What does Long-Term Care Insurance cover?
Long-Term Care Insurance is insurance that helps pay for care in a long-term care facility. LTC insurance usually covers home care and assisted living costs. Some policies help cover nursing home care and even hospice care.
Long-Term Care Insurance provides benefits when you are unable to perform activities of daily living (ADLs) such as bathing, dressing, preparing meals, toileting and transferring from bed to chair. It also helps pay for a companion to assist with ADLs and other personal care needs if you cannot do so yourself. Long-Term Care Insurance may pay for short term rehabilitation services or hospice care at home if needed.
When should you consider Long-Term Care Insurance?
We understand that long-term care insurance can be confusing and intimidating. We get it: you need to know that the coverage you choose is going to protect you and your family in the event of a long-term disability or illness.
But how do you know when it’s time to consider buying long-term care insurance? When should you start thinking about it? And how do you go about choosing the right company for your needs?
There are a few key factors to keep in mind when considering long-term care insurance:
Age – The older you are, the more expensive it will be to buy coverage. This is because younger people have fewer medical issues and therefore less risk for an insurance company. If you’re planning on retiring within a few years, it might make sense to wait until then before purchasing coverage.
Health Status – In order to qualify for coverage with most companies, applicants must be relatively healthy (or at least not too sick). If you have any chronic conditions or disabilities that require ongoing treatment or medication, there’s no way around this requirement—you’ll need to wait until those conditions are under control before applying for coverage.

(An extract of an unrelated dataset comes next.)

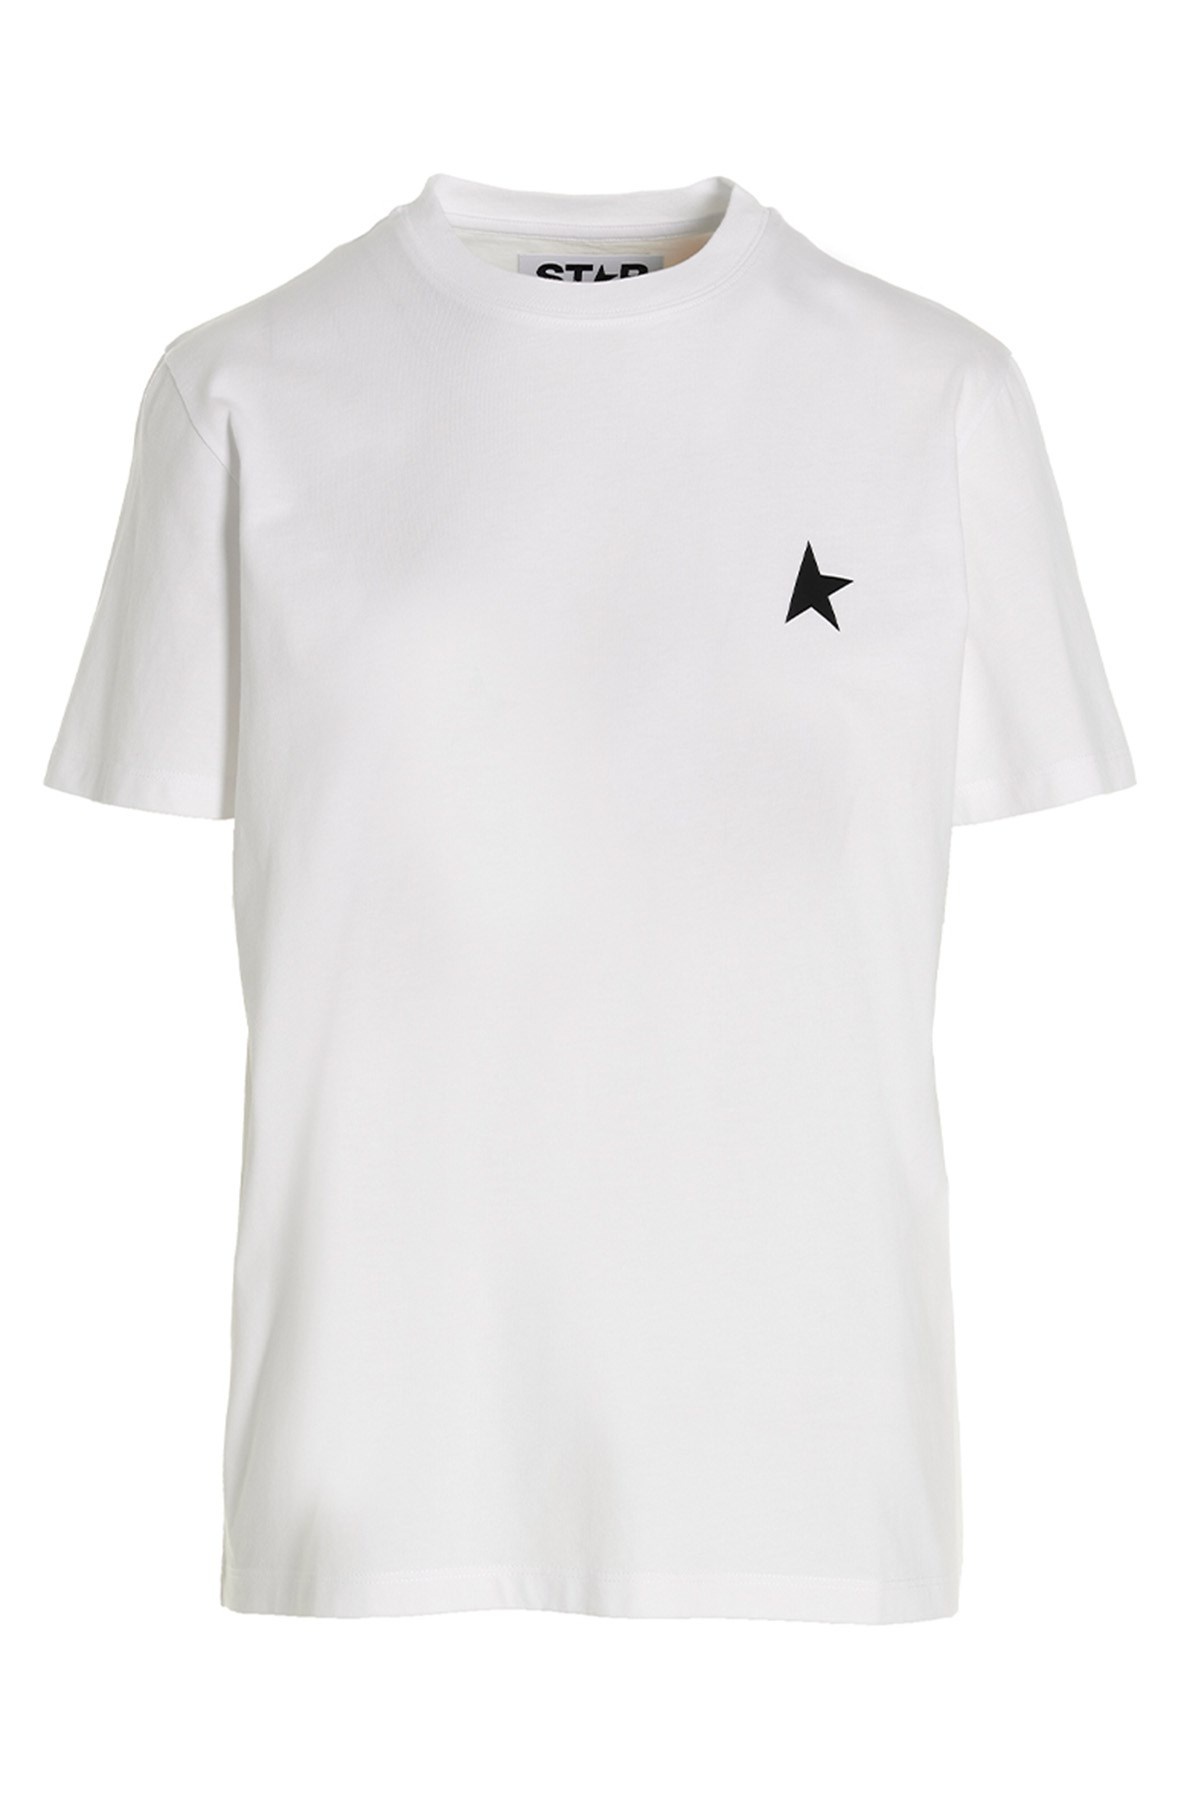 'Star' T-shirt - 1

What types of Long-Term Care Insurance options are there?
There are three types of long-term care insurance.
Traditional (i.e., stand-alone) policies: These policies are purchased individually, without the help of others such as an employer or government program. They usually have a high monthly premium, but offer more flexibility when it comes to choosing benefits and length of coverage.
Hybrid policies: These policies are designed for individuals who may need nursing home care or assisted living, but also want to be able to stay in their homes and communities for as long as possible. This means that the coverage is bundled with other types of insurance like life insurance and disability income insurance.
Policies as part of a Continuing Care Retirement Community package: These policies are offered by CCRCs and provide long-term care coverage along with other benefits such as meals and housing assistance if you need it later on down the road.